Sample command-line programs for interacting with the Cloud Dataproc API.
See the tutorial on the using the Dataproc API with the Python client library for information on a walkthrough you can run to try out the Cloud Dataproc API sample code.
Note that while this sample demonstrates interacting with Dataproc via the API, the functionality demonstrated here could also be accomplished using the Cloud Console or the gcloud CLI.
list_clusters.py
is a simple command-line program to demonstrate connecting to the Cloud Dataproc API and listing the clusters in a region.
submit_job_to_cluster.py
demonstrates how to create a cluster, submit the
pyspark_sort.py
job, download the output from Google Cloud Storage, and output the result.
single_job_workflow.py
uses the Cloud Dataproc InstantiateInlineWorkflowTemplate API to create an ephemeral cluster, run a job, then delete the cluster with one API request.
pyspark_sort.py_gcs
is the same as pyspark_sort.py
but demonstrates
reading from a GCS bucket.
Go to the Google Cloud Console.
Under API Manager, search for the Google Cloud Dataproc API and enable it.
To install, run the following commands. If you want to use virtualenv (recommended), run the commands within a virtualenv.
* pip install -r requirements.txt
Please see the Google cloud authentication guide. The recommended approach to running these samples is a Service Account with a JSON key.

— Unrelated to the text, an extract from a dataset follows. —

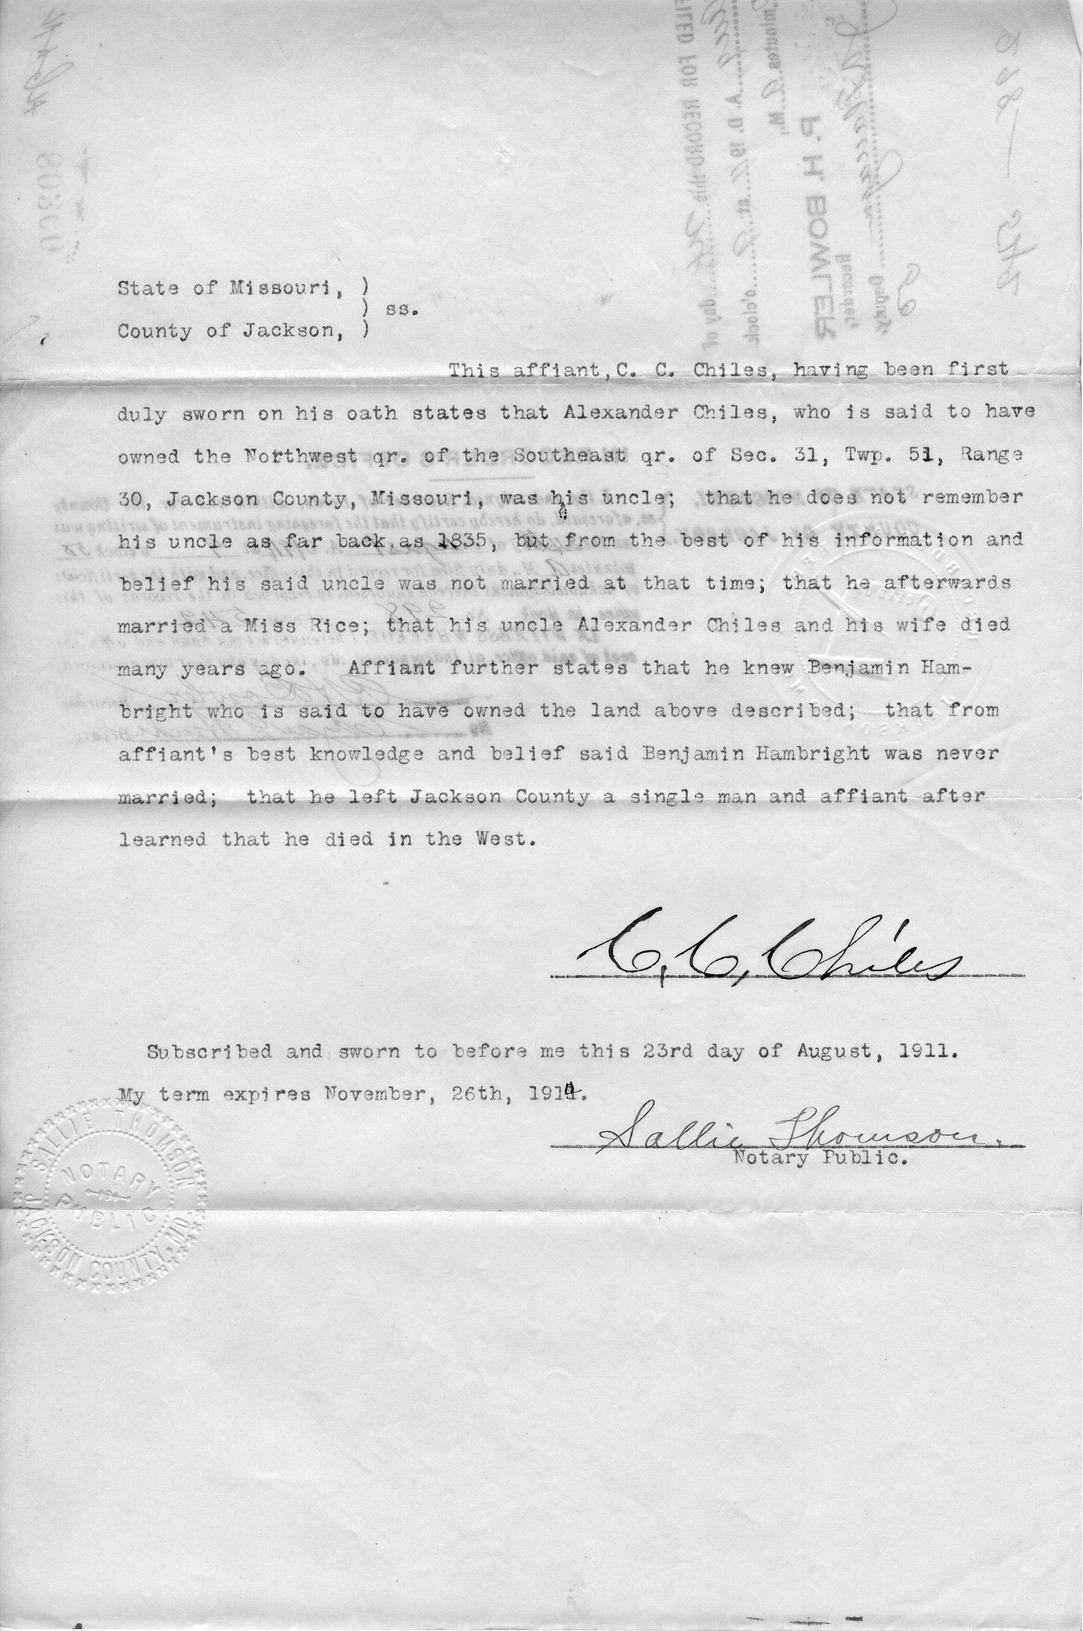 Affidavit of C. C. Chiles
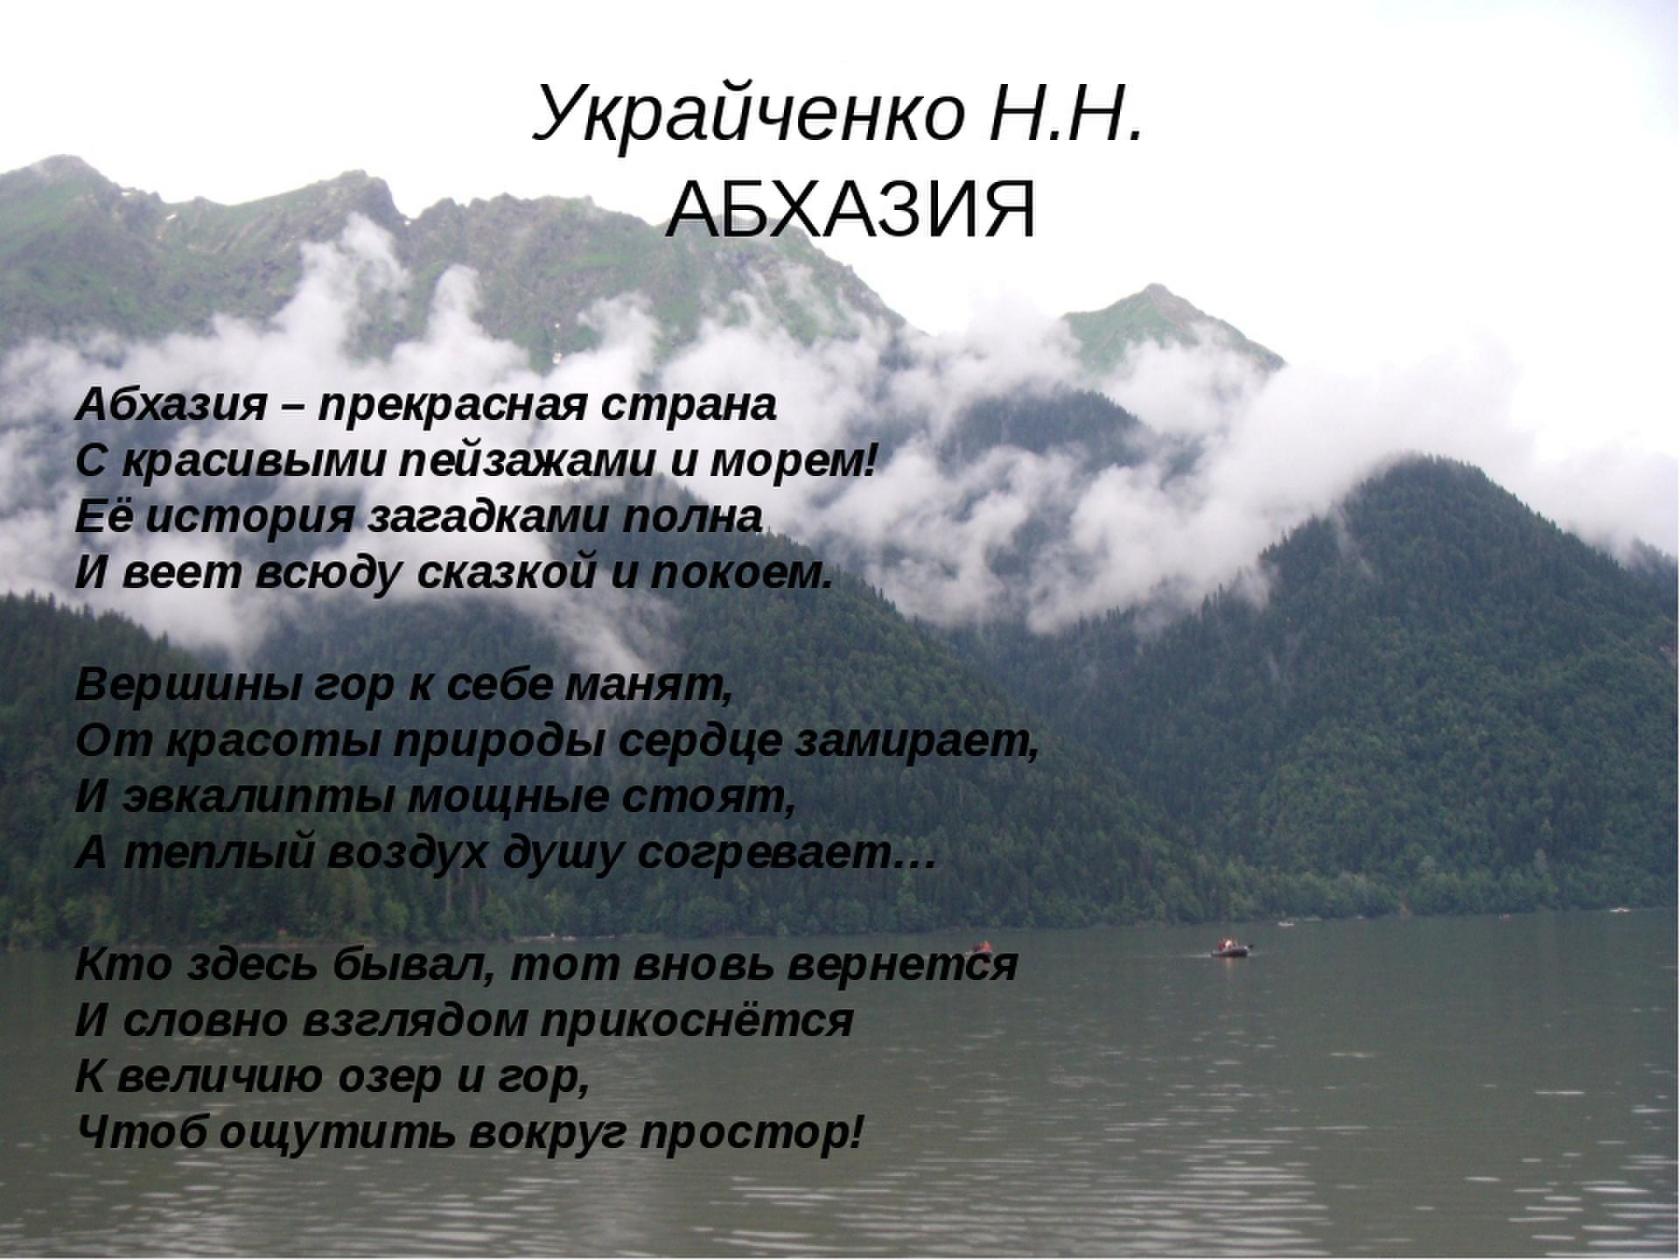 Интересные факты об абхазии. Стихи про Абхазию. Цитаты про Абхазию. Высказывания про Абхазию красивые. Высказывания об Абхазии.

Set the following environment variables:
GOOGLE_CLOUD_PROJECT=your-project-id
REGION=us-central1 # or your region
CLUSTER_NAME=waprin-spark7
ZONE=us-central1-b
To run list_clusters.py:
python list_clusters.py $GOOGLE_CLOUD_PROJECT --region=$REGION
submit_job_to_cluster.py
can create the Dataproc cluster or use an existing cluster. To create a cluster before running the code, you can use the Cloud Console or run:
gcloud dataproc clusters create your-cluster-name
To run submit_job_to_cluster.py, first create a GCS bucket (used by Cloud Dataproc to stage files) from the Cloud Console or with gsutil:
gsutil mb gs://<your-staging-bucket-name>
Next, set the following environment variables:
BUCKET=your-staging-bucket
CLUSTER=your-cluster-name
Then, if you want to use an existing cluster, run:
python submit_job_to_cluster.py --project_id=$GOOGLE_CLOUD_PROJECT --zone=us-central1-b --cluster_name=$CLUSTER --gcs_bucket=$BUCKET
Alternatively, to create a new cluster, which will be deleted at the end of the job, run:
python submit_job_to_cluster.py --project_id=$GOOGLE_CLOUD_PROJECT --zone=us-central1-b --cluster_name=$CLUSTER --gcs_bucket=$BUCKET --create_new_cluster
The script will setup a cluster, upload the PySpark file, submit the job, print the result, then, if it created the cluster, delete the cluster.
Optionally, you can add the --pyspark_file
argument to change from the default pyspark_sort.py
included in this script to a new script.